Para demonstran mengajukan beberapa tuntutan kepada pihak pengadilan. Tuntutan pertama adalah evaluasi dan pemecatan ketua Pengadilan Lubuk Pakam beserta staf yang diduga terlibat dalam praktik mafia tanah. Mereka menuduh adanya pembacaan konstatering yang tidak sesuai di objek tanah eks HGU PTPN II di Desa Helvetia, yang sudah dikuasai oleh masyarakat sejak tahun 2, tanpa pernah terlibat dalam perkara atau menerima bantuan dari Al-Wasiyah.

Tuntutan kedua adalah agar Pengadilan Negeri Lubuk Pakam mematuhi surat dari Pengadilan Tinggi Medan. Sedangkan tuntutan ketiga meminta agar Pengadilan Negeri Lubuk Pakam tidak melakukan eksekusi terhadap tanah yang telah lama dikuasai dan diusahakan oleh masyarakat sejak tahun 2.

Humas Pengadilan Tinggi Medan yang hadir untuk menemui para pengunjuk rasa menyampaikan bahwa aksi tersebut seharusnya diarahkan ke Pengadilan Negeri Lubuk Pakam. Humas juga meminta massa untuk membubarkan diri agar tidak mengganggu kelancaran lalu lintas di Jalan Ngumban Surbakti.
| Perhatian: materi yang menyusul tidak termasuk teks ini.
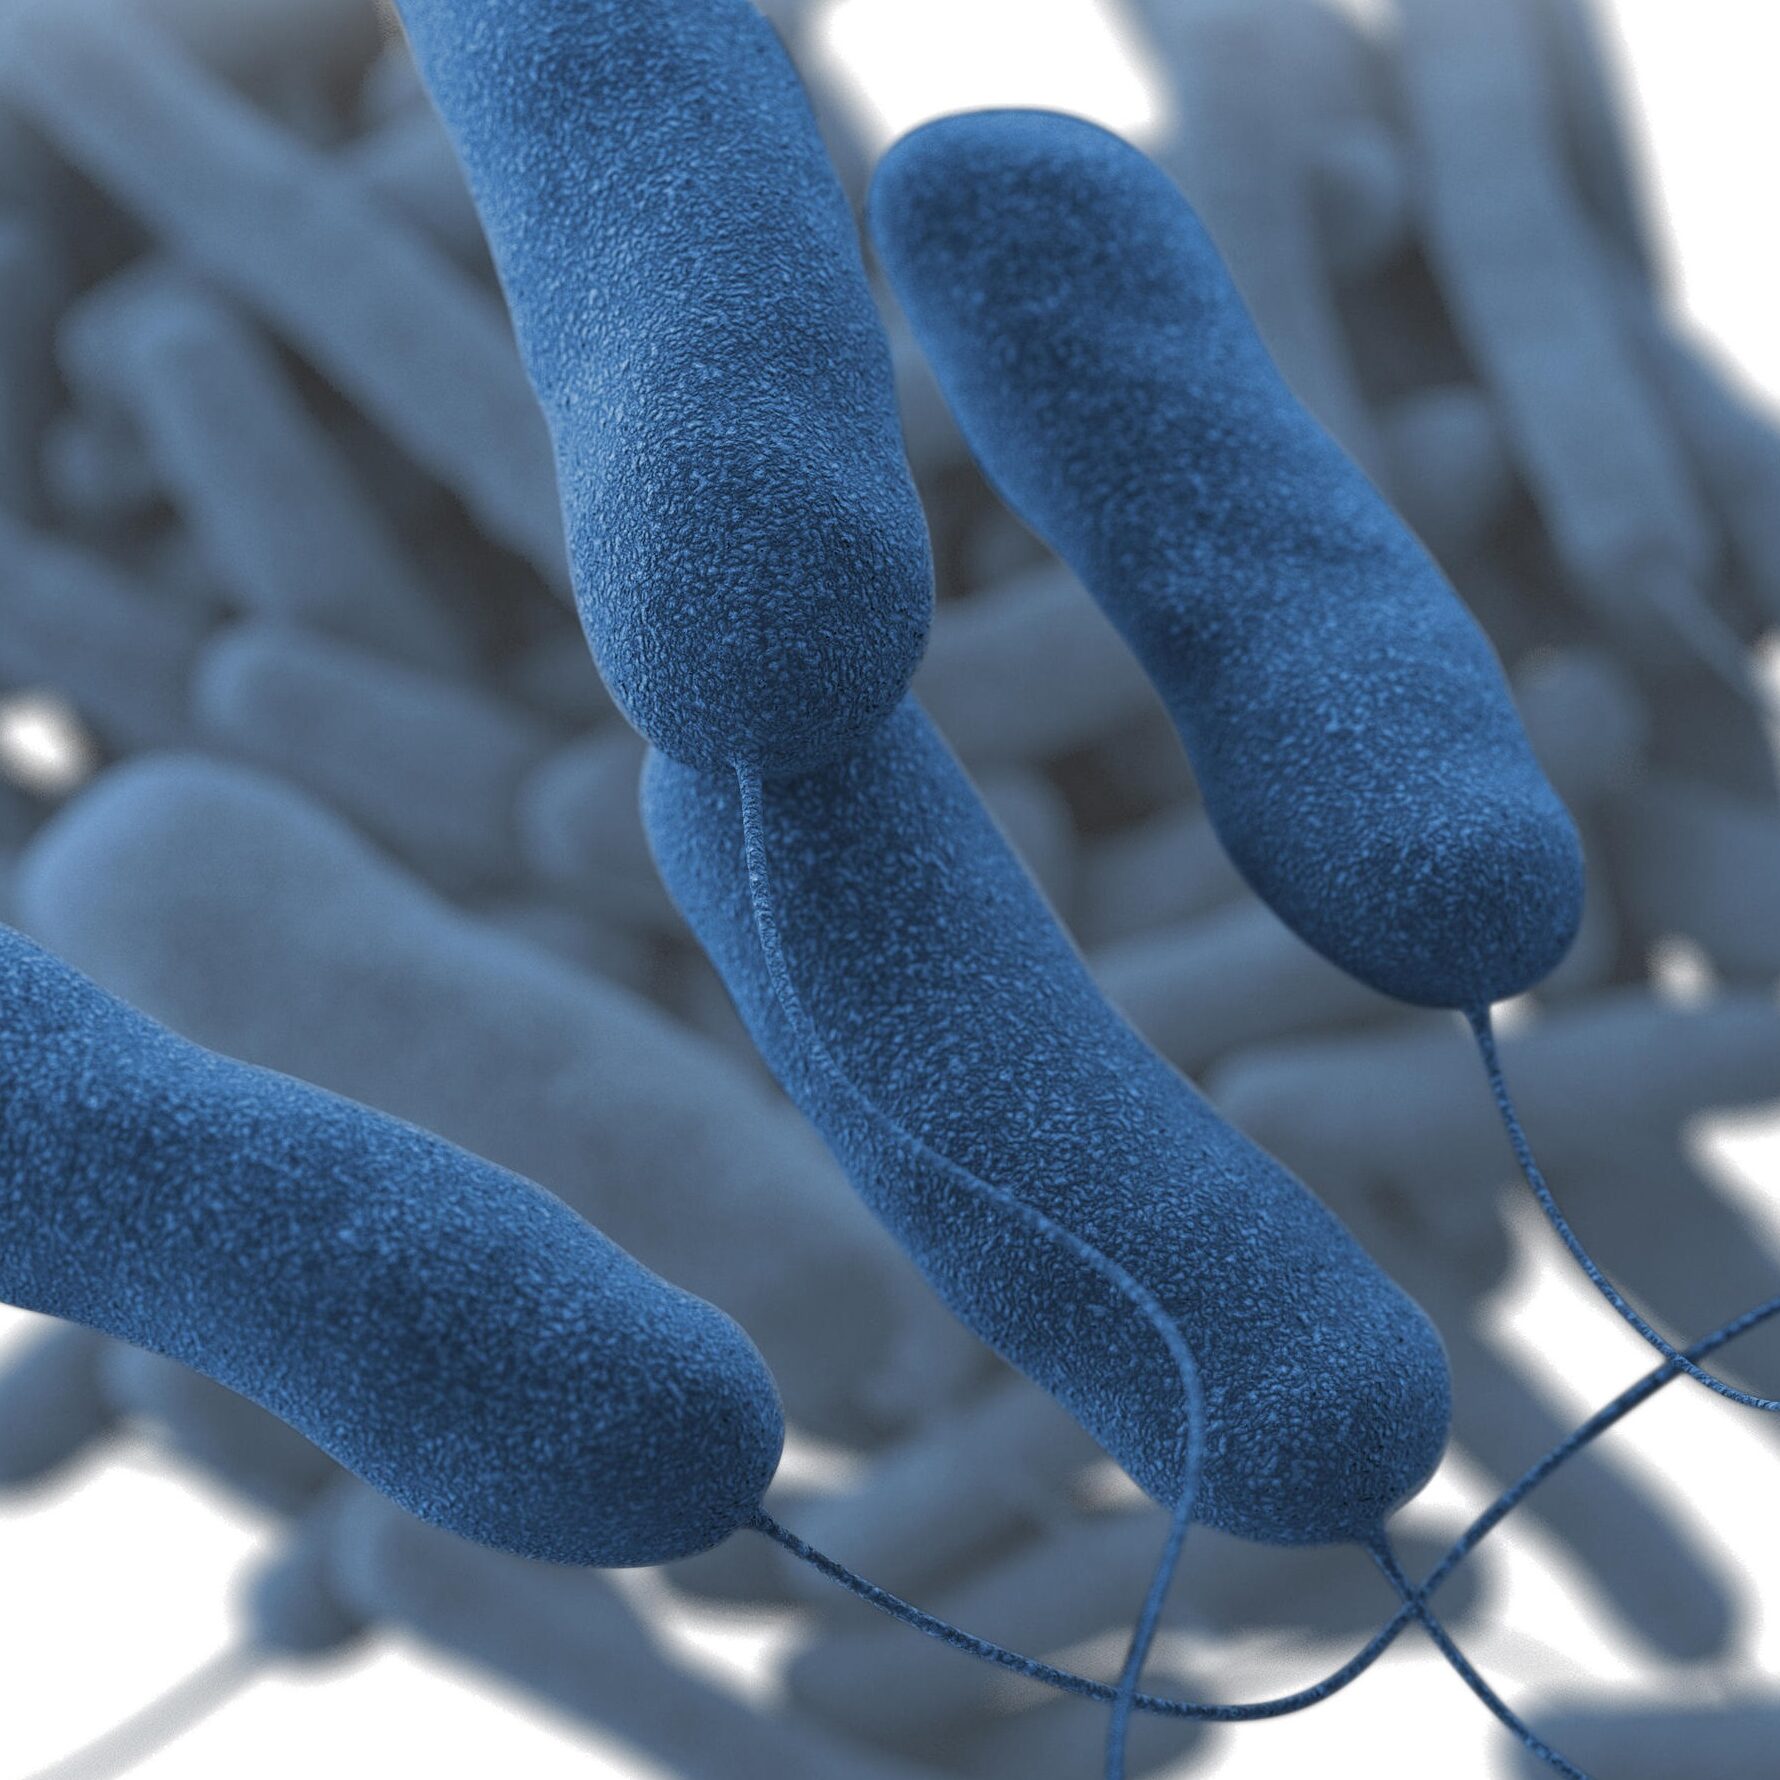 Legionella bacteria pic. 29.05

Sertu Imam W mengatakan bahwa tugasnya adalah untuk memantau jalannya unjuk rasa agar tetap aman dan tertib. Ia memastikan bahwa kehadiran TNI dalam kegiatan ini adalah untuk menjaga keamanan dan ketertiban umum. “Kami berkomitmen untuk memastikan bahwa kegiatan unjuk rasa ini berlangsung dengan tertib dan tidak mengganggu aktivitas masyarakat sekitar,” ujar Sertu Imam.

Kegiatan unjuk rasa ini memicu perhatian masyarakat sekitar dan pengendara yang melintas. Meski demikian, pihak kepolisian dan TNI berupaya keras untuk mengatur arus lalu lintas dan mengurangi dampak dari aksi tersebut terhadap aktivitas sehari-hari.
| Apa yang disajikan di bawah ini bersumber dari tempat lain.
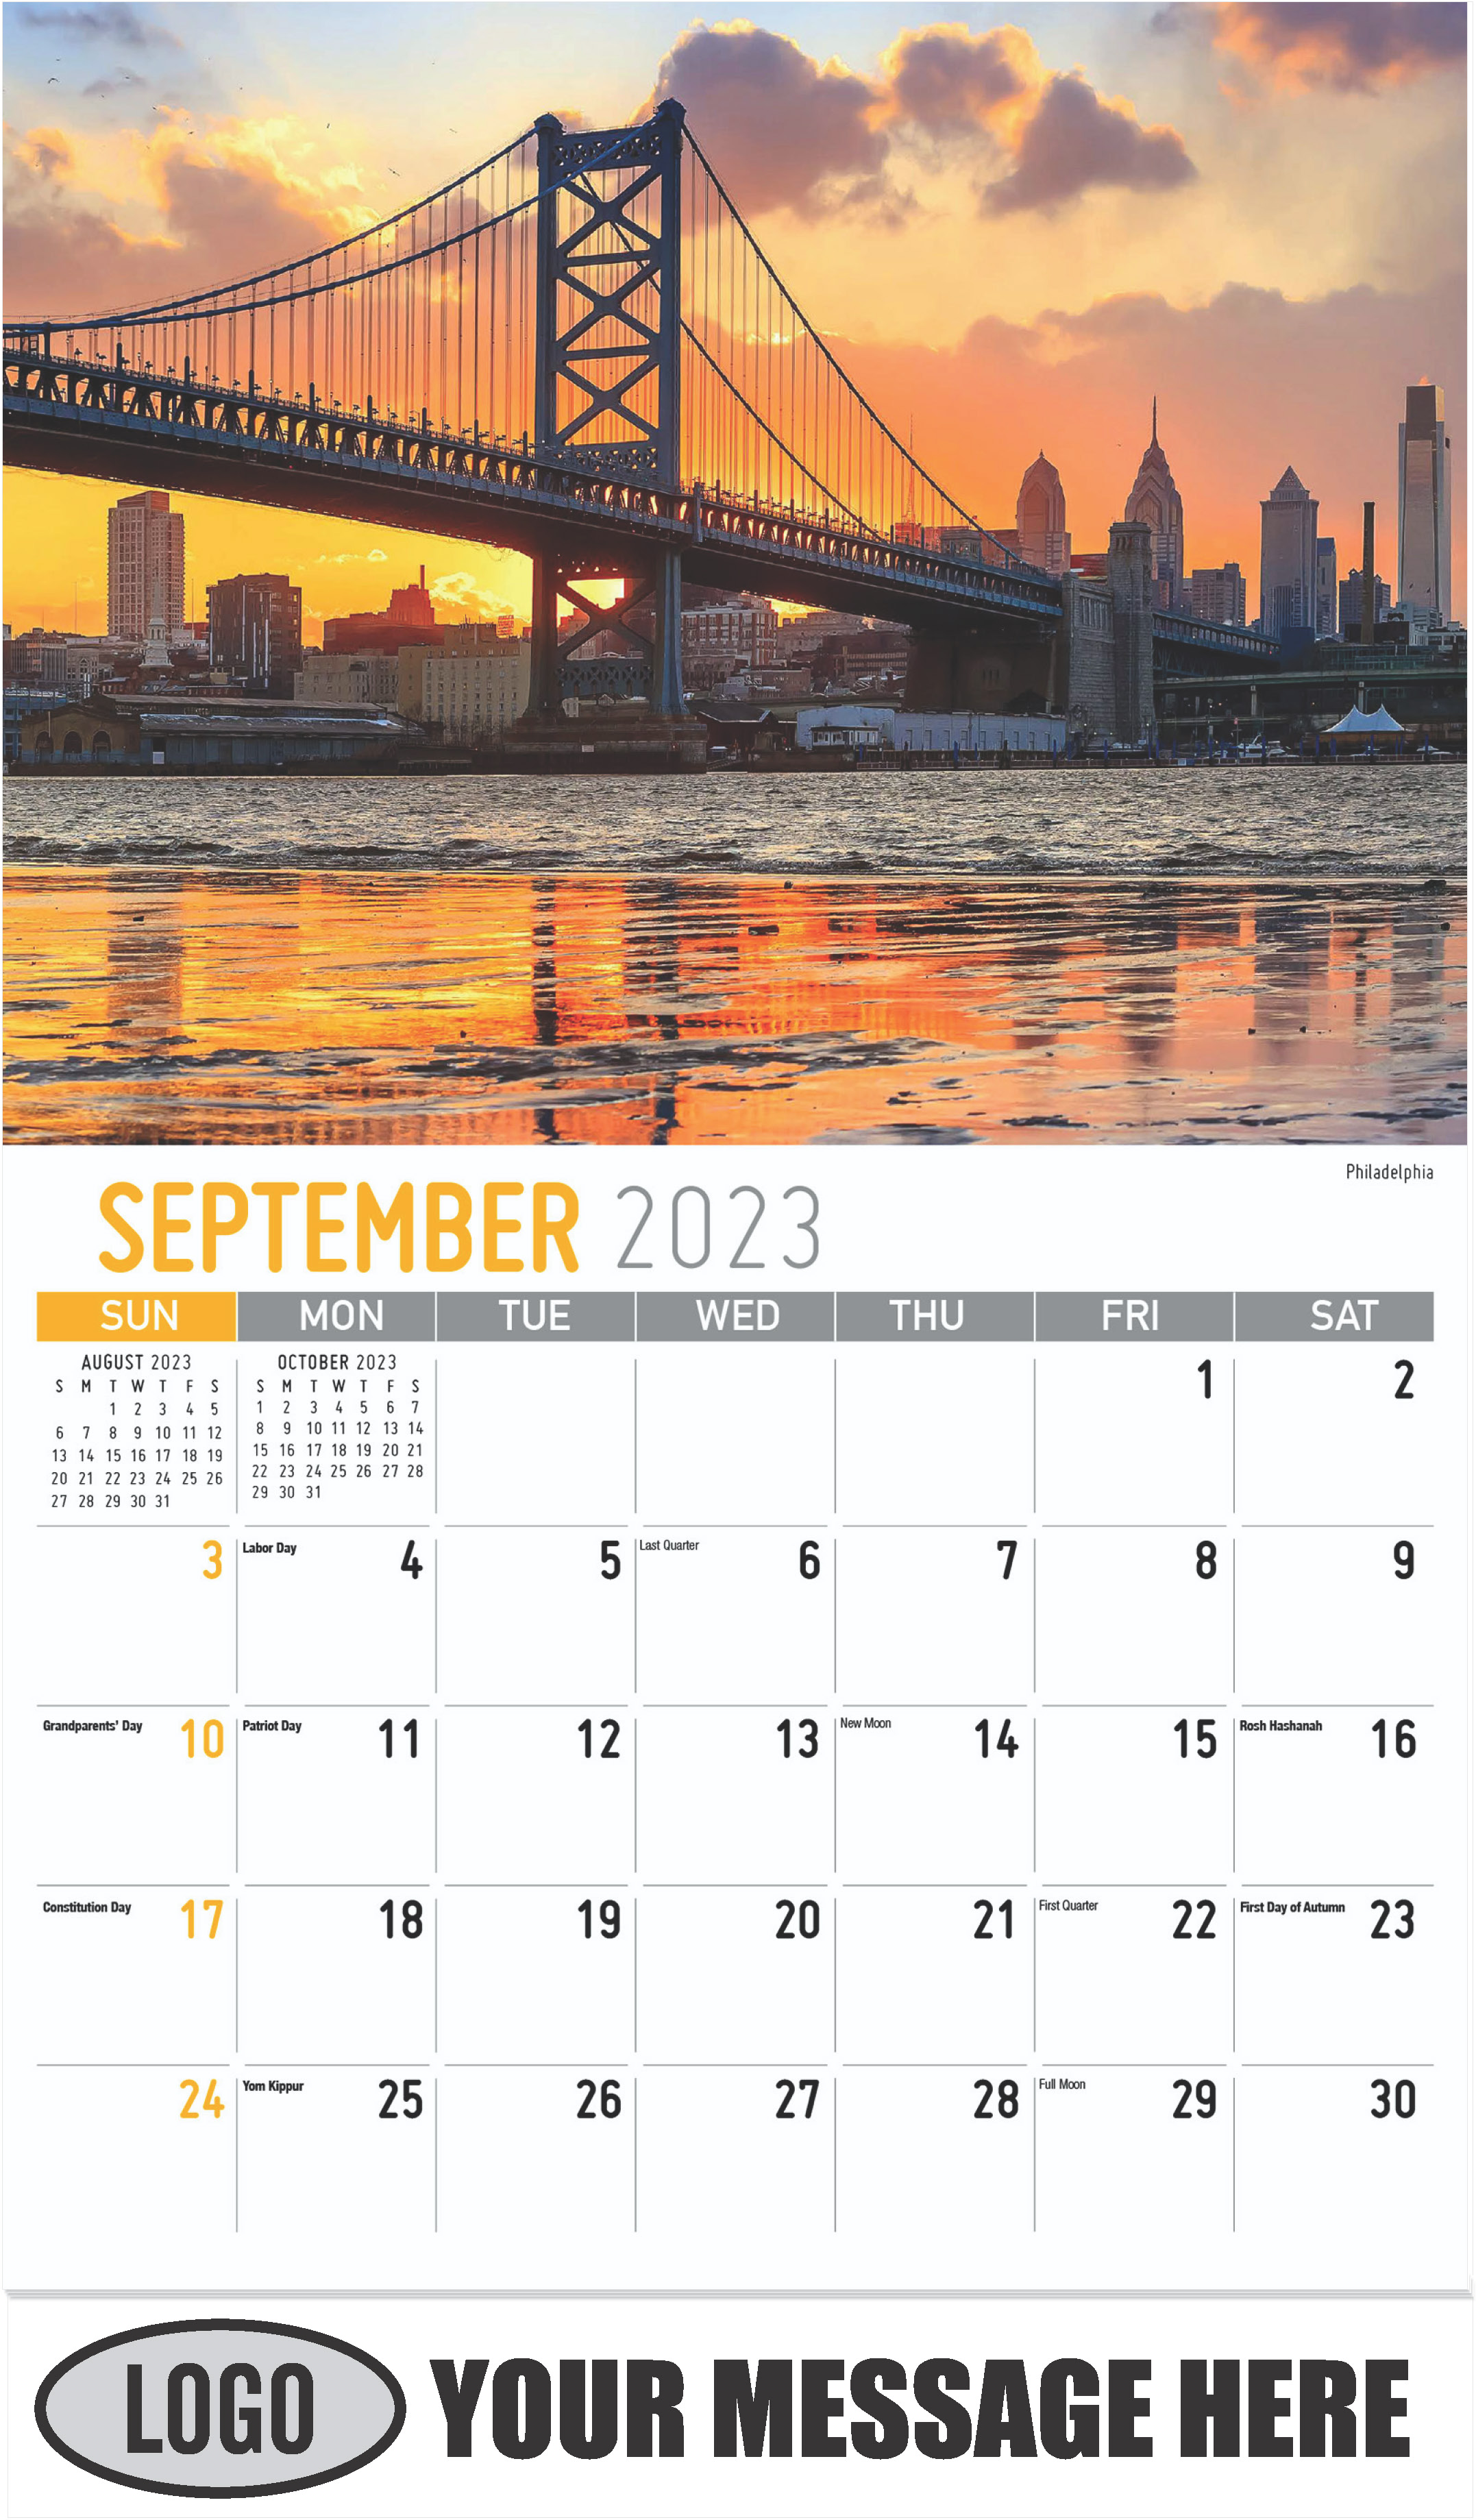 Philadelphia - September - Scenes of Pennsylvania 2023 Promotional Calendar

Salah satu perwakilan massa menyatakan bahwa aksi ini dilakukan untuk menegakkan keadilan dan mencegah tindakan yang dianggap merugikan masyarakat. Mereka berharap tuntutan mereka dapat dipenuhi agar hak-hak mereka sebagai penggarap tanah yang sah dapat diakui.

Sementara itu, pihak Pengadilan Tinggi Medan berjanji akan menyampaikan aspirasi dari massa kepada Pengadilan Negeri Lubuk Pakam. Mereka mengingatkan pentingnya penyampaian tuntutan melalui jalur yang sesuai untuk memastikan proses hukum yang adil.
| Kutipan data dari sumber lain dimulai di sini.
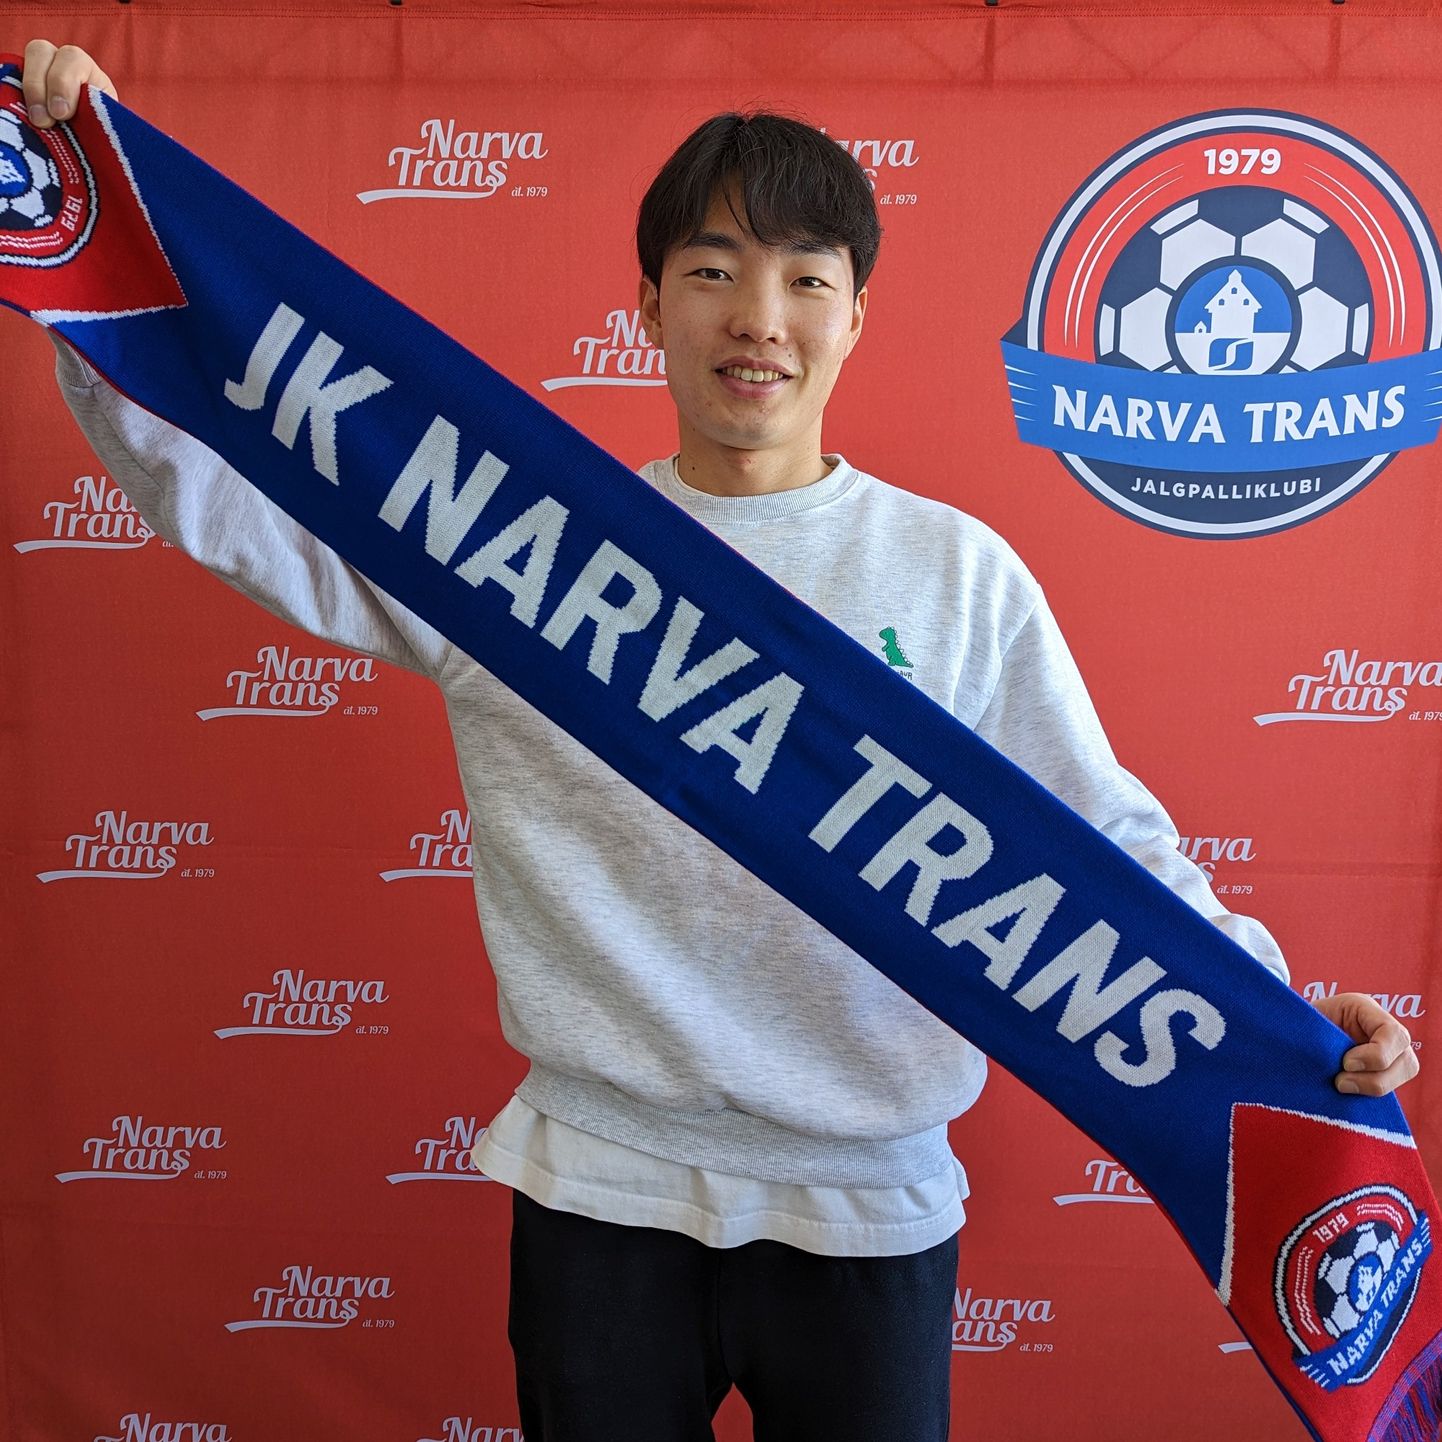 Последним ряды "Narva Trans" пополнил 28-летний южнокорейский полузащитник До Хён Ким.

Kegiatan unjuk rasa ini juga mendapat perhatian dari berbagai pihak, termasuk lembaga swadaya masyarakat dan pengamat hukum, yang mengamati bagaimana proses hukum dan sistem peradilan menangani masalah yang dihadapi oleh masyarakat.

Di akhir kegiatan, para pengunjuk rasa memutuskan untuk membubarkan diri sesuai dengan permintaan pihak Humas Pengadilan Tinggi Medan. Mereka meninggalkan lokasi secara tertib dan tidak ada insiden signifikan yang terjadi selama proses pembubaran.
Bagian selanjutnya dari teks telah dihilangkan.